[Task description] Transcribe the listing below exactly, leaving out each image.

[Input data]
- Opening Delimiter -

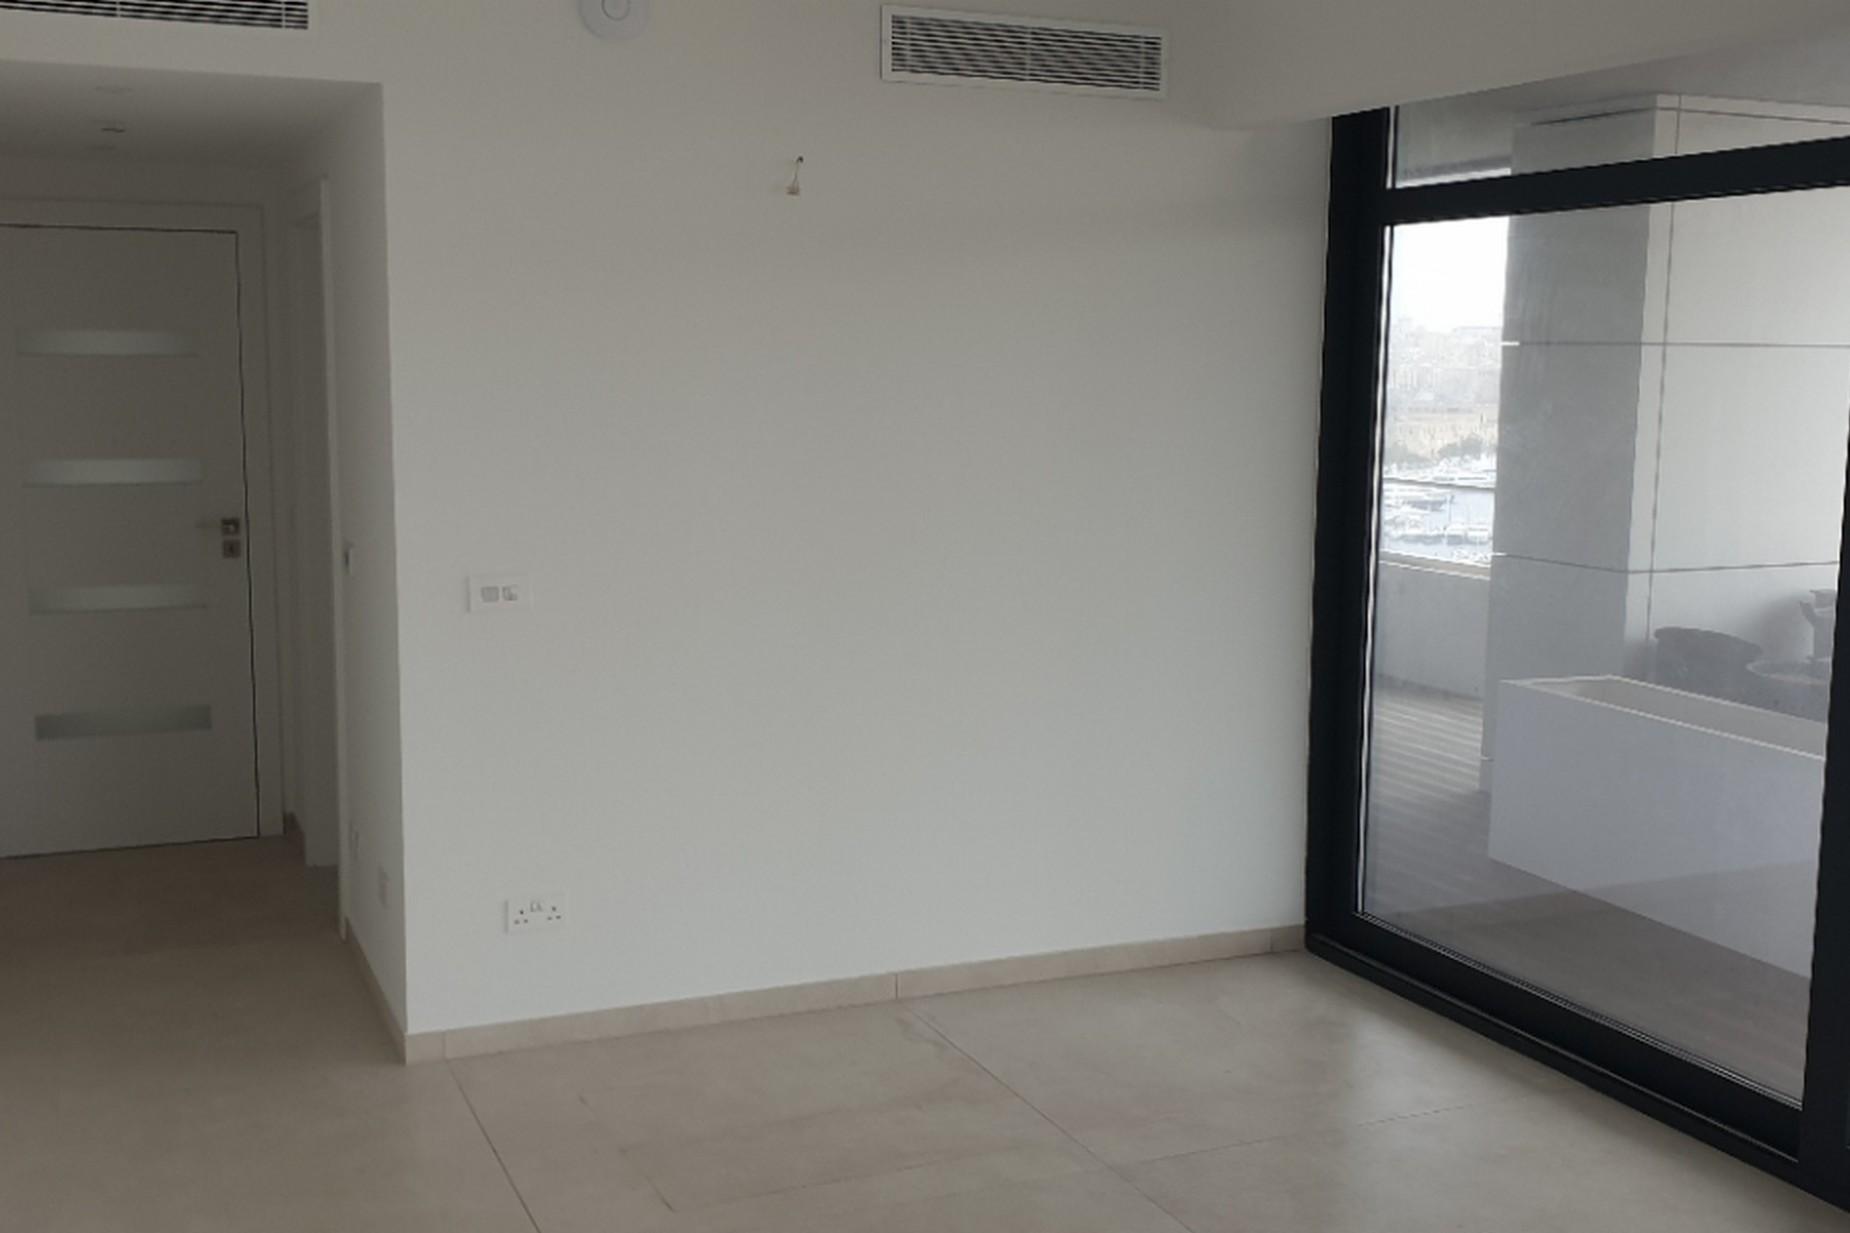 3 bed Apartment For Sale in Gzira, Gzira - thumb 4
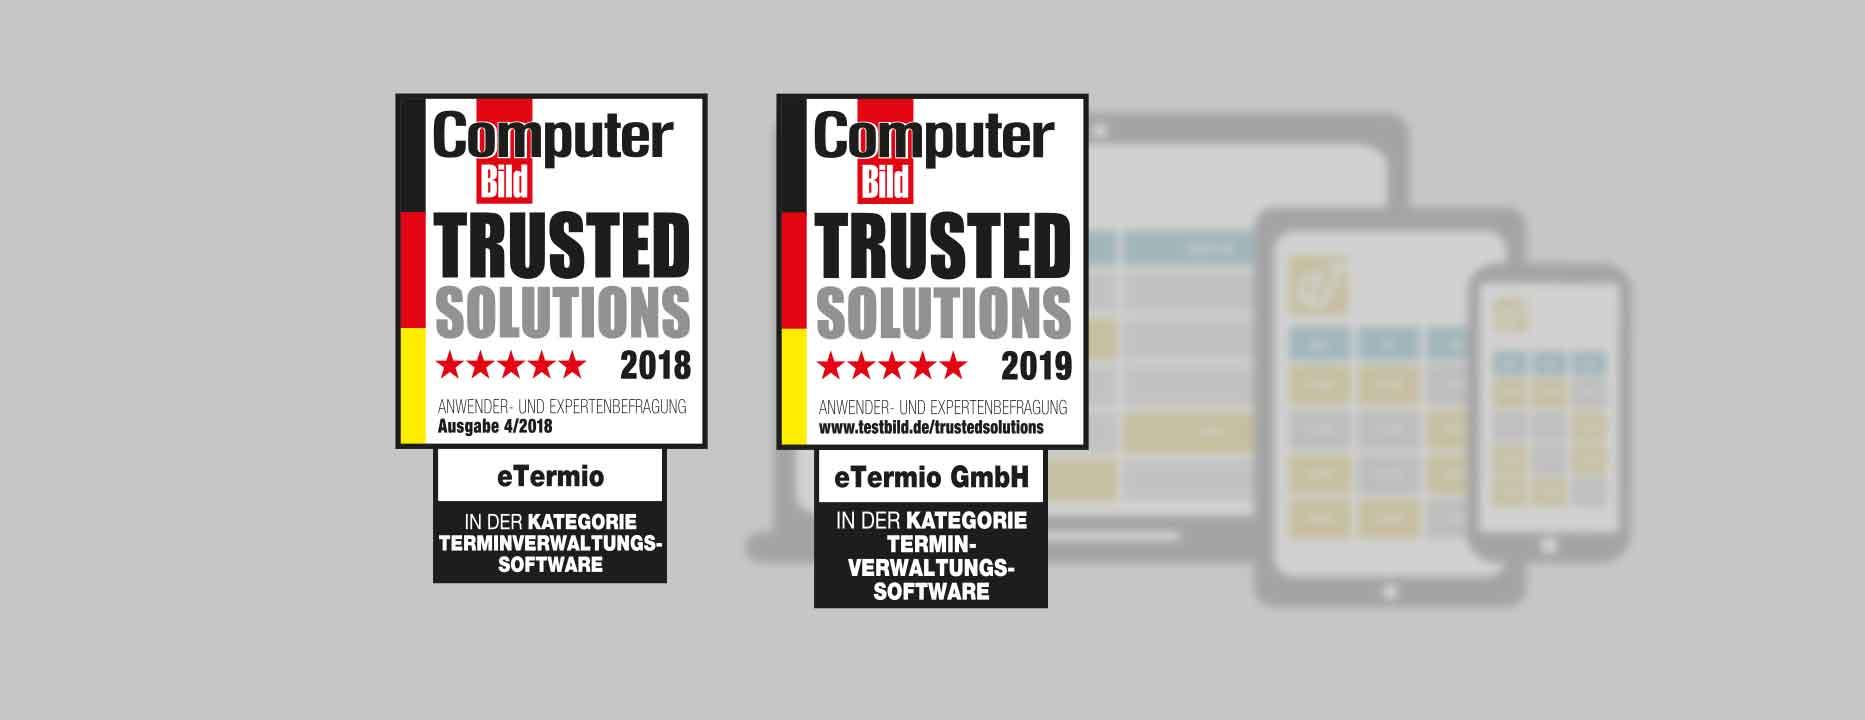 eTermio Trusted Solutions Auszeichnung (Bild: eTermio / Computer Bild)
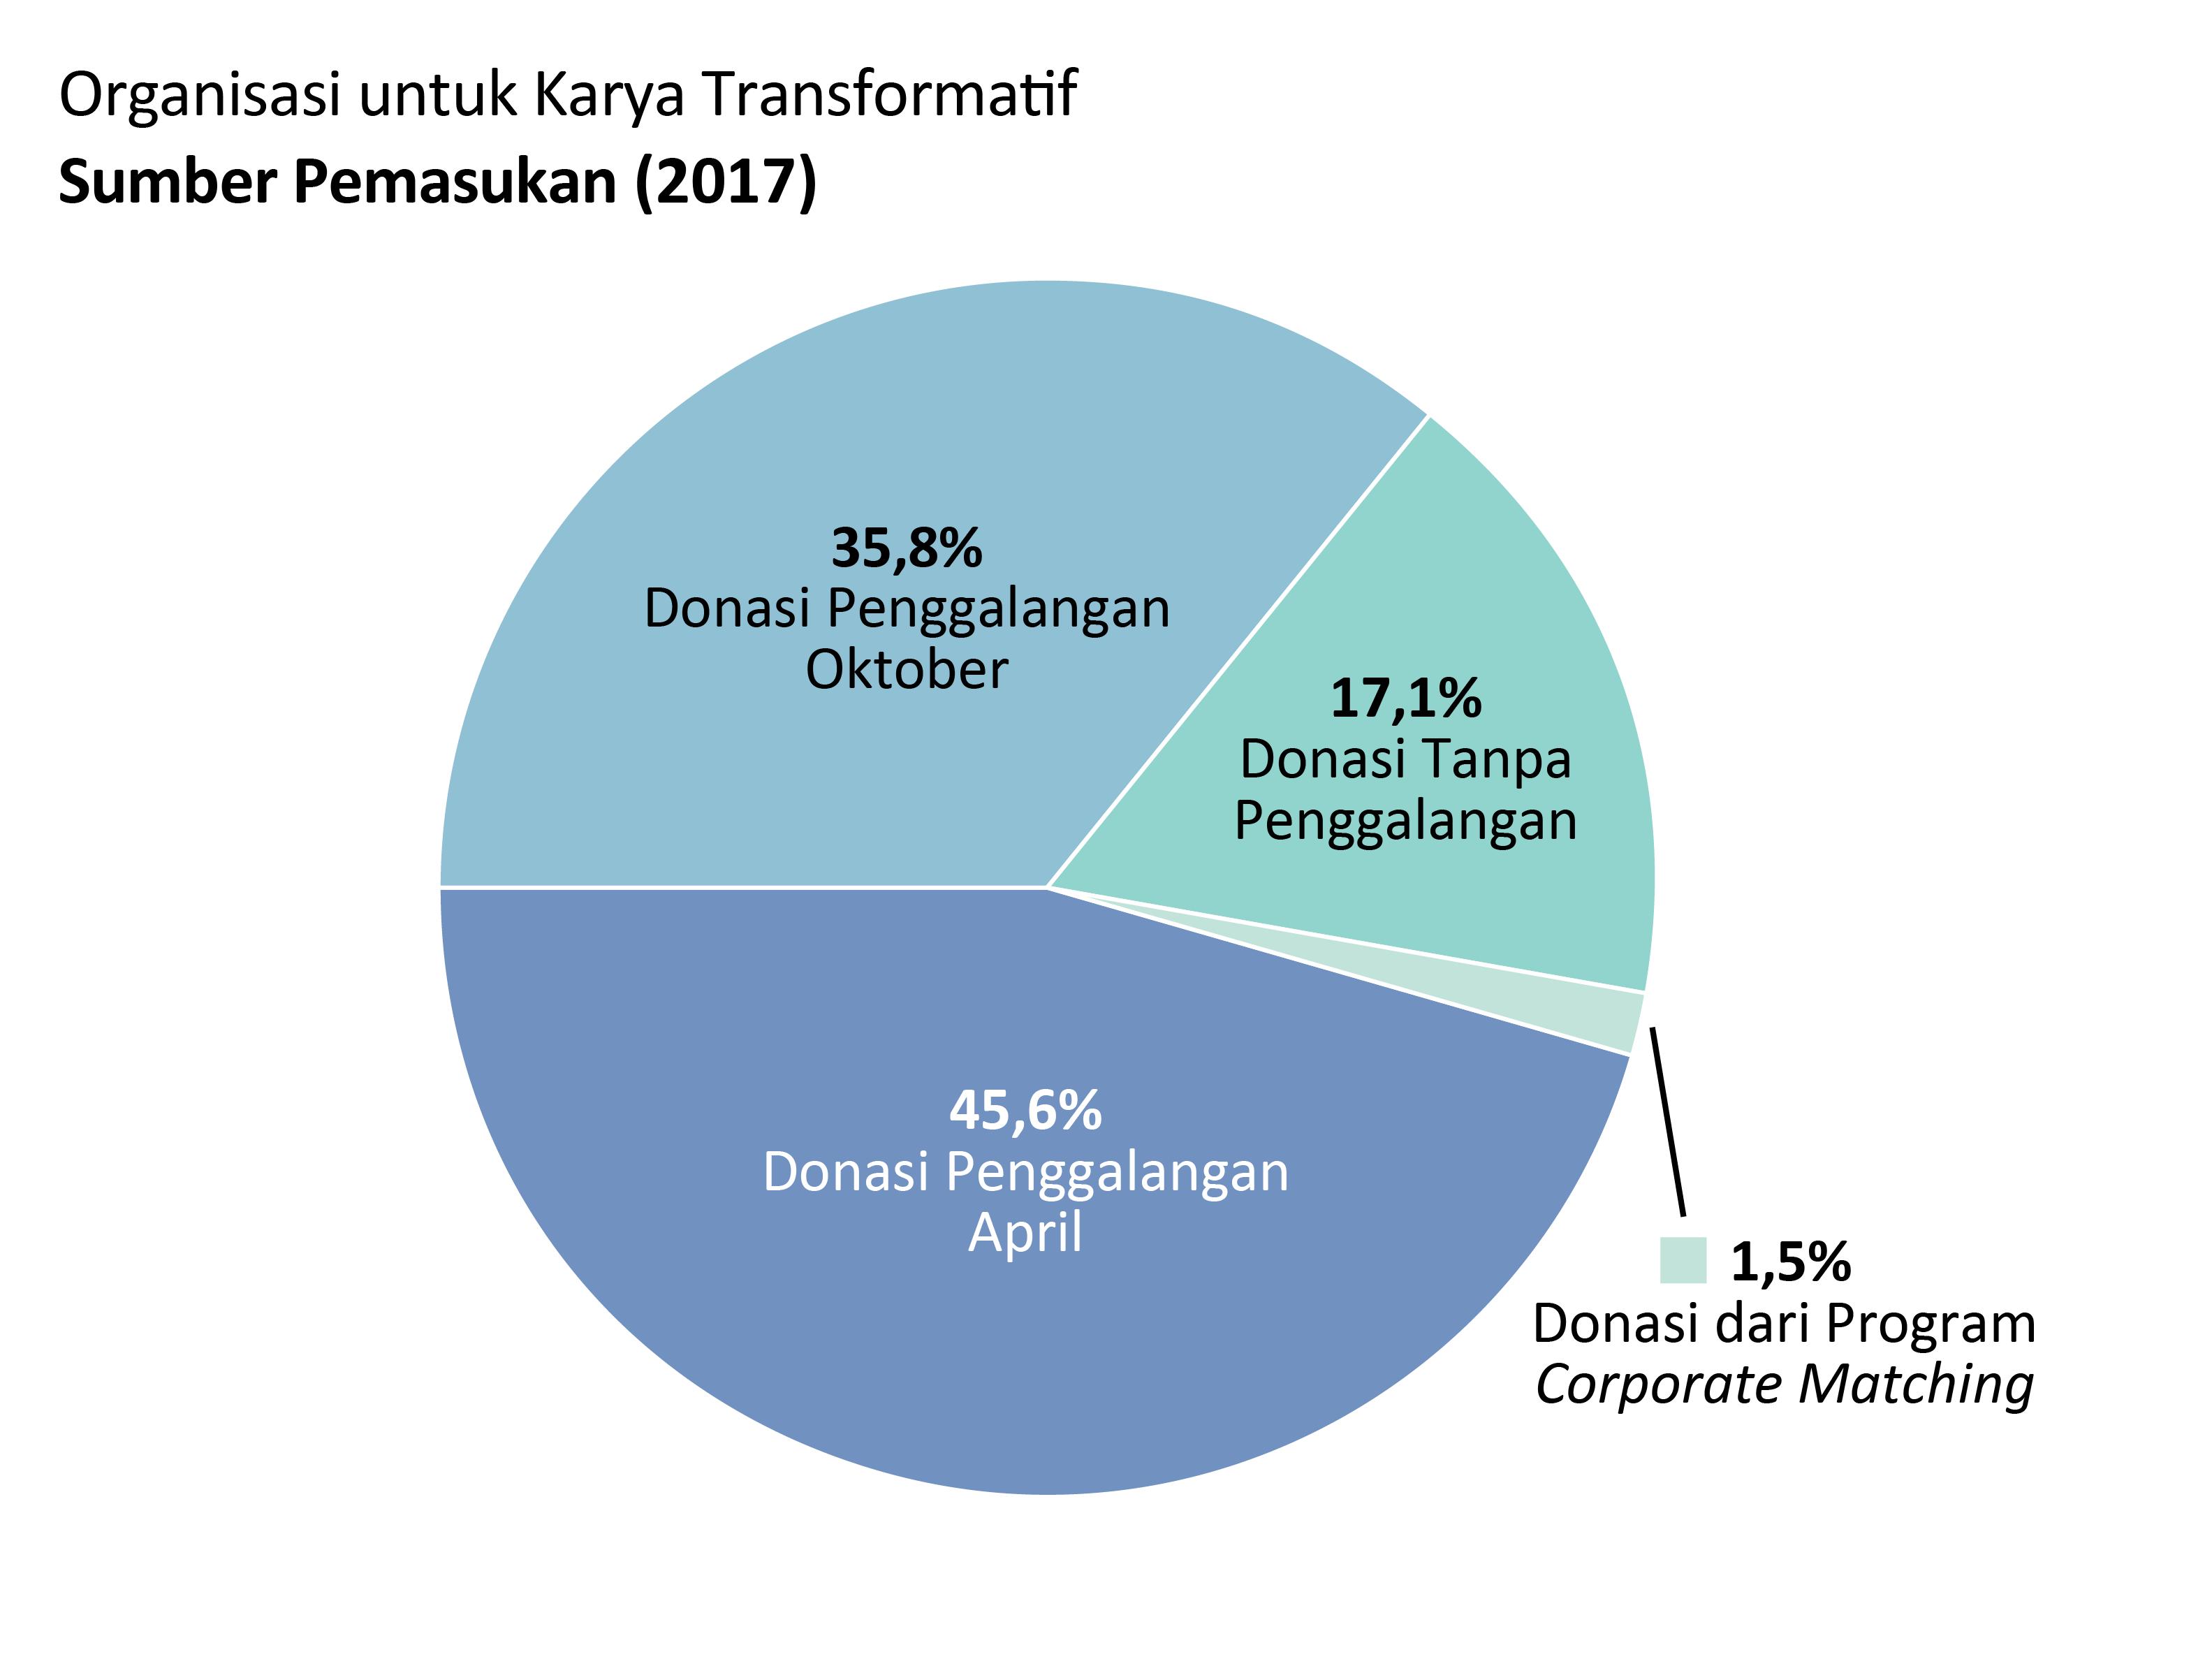 Pemasukan OTW: Donasi penggalangan April: 45.6%, Donasi penggalangan Oktober: 35.8%. Donasi tanpa penggalangan: 17.1%. Donasi dari corporate matching: 1.5%.

- Closing Delimiter -

[Response to this task]
 3 bed Apartment For Sale in Gzira, Gzira - thumb 4
 eTermio Trusted Solutions Auszeichnung (Bild: eTermio / Computer Bild)
 Pemasukan OTW: Donasi penggalangan April: 45.6%, Donasi penggalangan Oktober: 35.8%. Donasi tanpa penggalangan: 17.1%. Donasi dari corporate matching: 1.5%.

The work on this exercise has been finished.